The data:
========================

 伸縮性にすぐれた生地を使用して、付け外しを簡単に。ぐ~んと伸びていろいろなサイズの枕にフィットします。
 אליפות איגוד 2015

========================

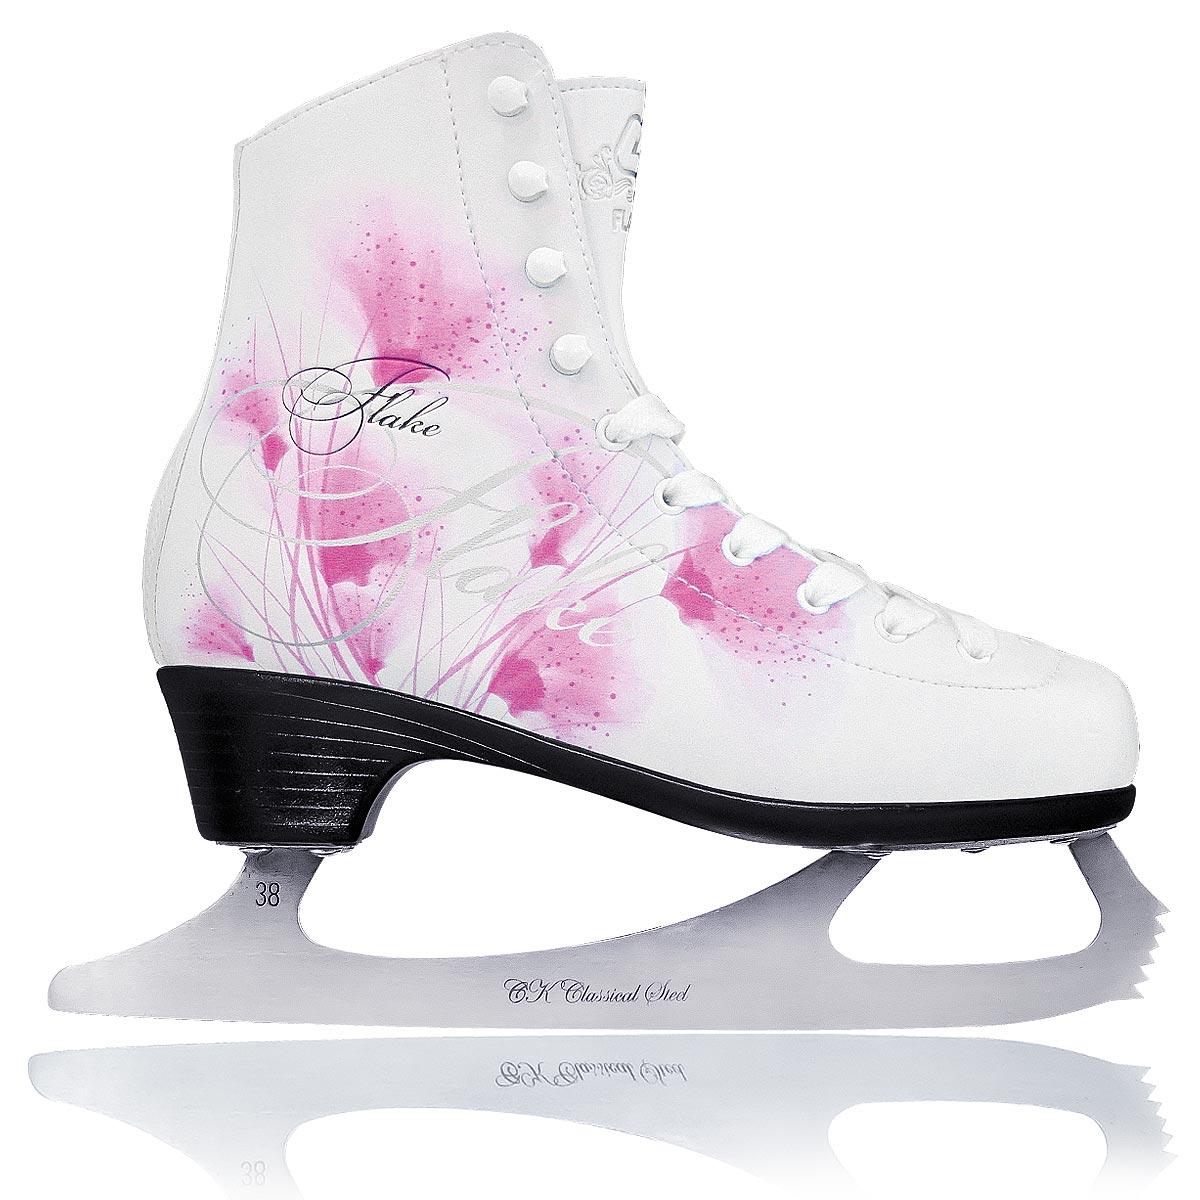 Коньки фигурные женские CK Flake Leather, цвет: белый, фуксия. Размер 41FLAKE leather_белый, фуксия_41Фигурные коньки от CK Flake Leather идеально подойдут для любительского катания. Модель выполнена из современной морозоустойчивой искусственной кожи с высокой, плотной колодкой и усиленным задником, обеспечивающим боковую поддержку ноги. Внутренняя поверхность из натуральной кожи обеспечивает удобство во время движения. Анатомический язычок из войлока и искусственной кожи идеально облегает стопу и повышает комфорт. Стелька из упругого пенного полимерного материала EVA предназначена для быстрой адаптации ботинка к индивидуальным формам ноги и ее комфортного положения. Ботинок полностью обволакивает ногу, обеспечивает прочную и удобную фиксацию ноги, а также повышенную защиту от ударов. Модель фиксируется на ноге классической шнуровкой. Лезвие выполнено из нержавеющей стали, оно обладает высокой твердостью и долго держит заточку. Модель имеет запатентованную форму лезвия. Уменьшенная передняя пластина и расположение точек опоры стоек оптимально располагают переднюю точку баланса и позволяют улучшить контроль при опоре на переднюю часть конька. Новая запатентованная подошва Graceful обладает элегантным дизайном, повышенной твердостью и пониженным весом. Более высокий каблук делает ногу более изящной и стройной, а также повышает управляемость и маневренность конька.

========================

Give back, word for word, only the lines above from the line holding "伸縮性にすぐれた生地を使用し" to the line holding "אליפות איגוד 2015", both included.

 伸縮性にすぐれた生地を使用して、付け外しを簡単に。ぐ~んと伸びていろいろなサイズの枕にフィットします。
 אליפות איגוד 2015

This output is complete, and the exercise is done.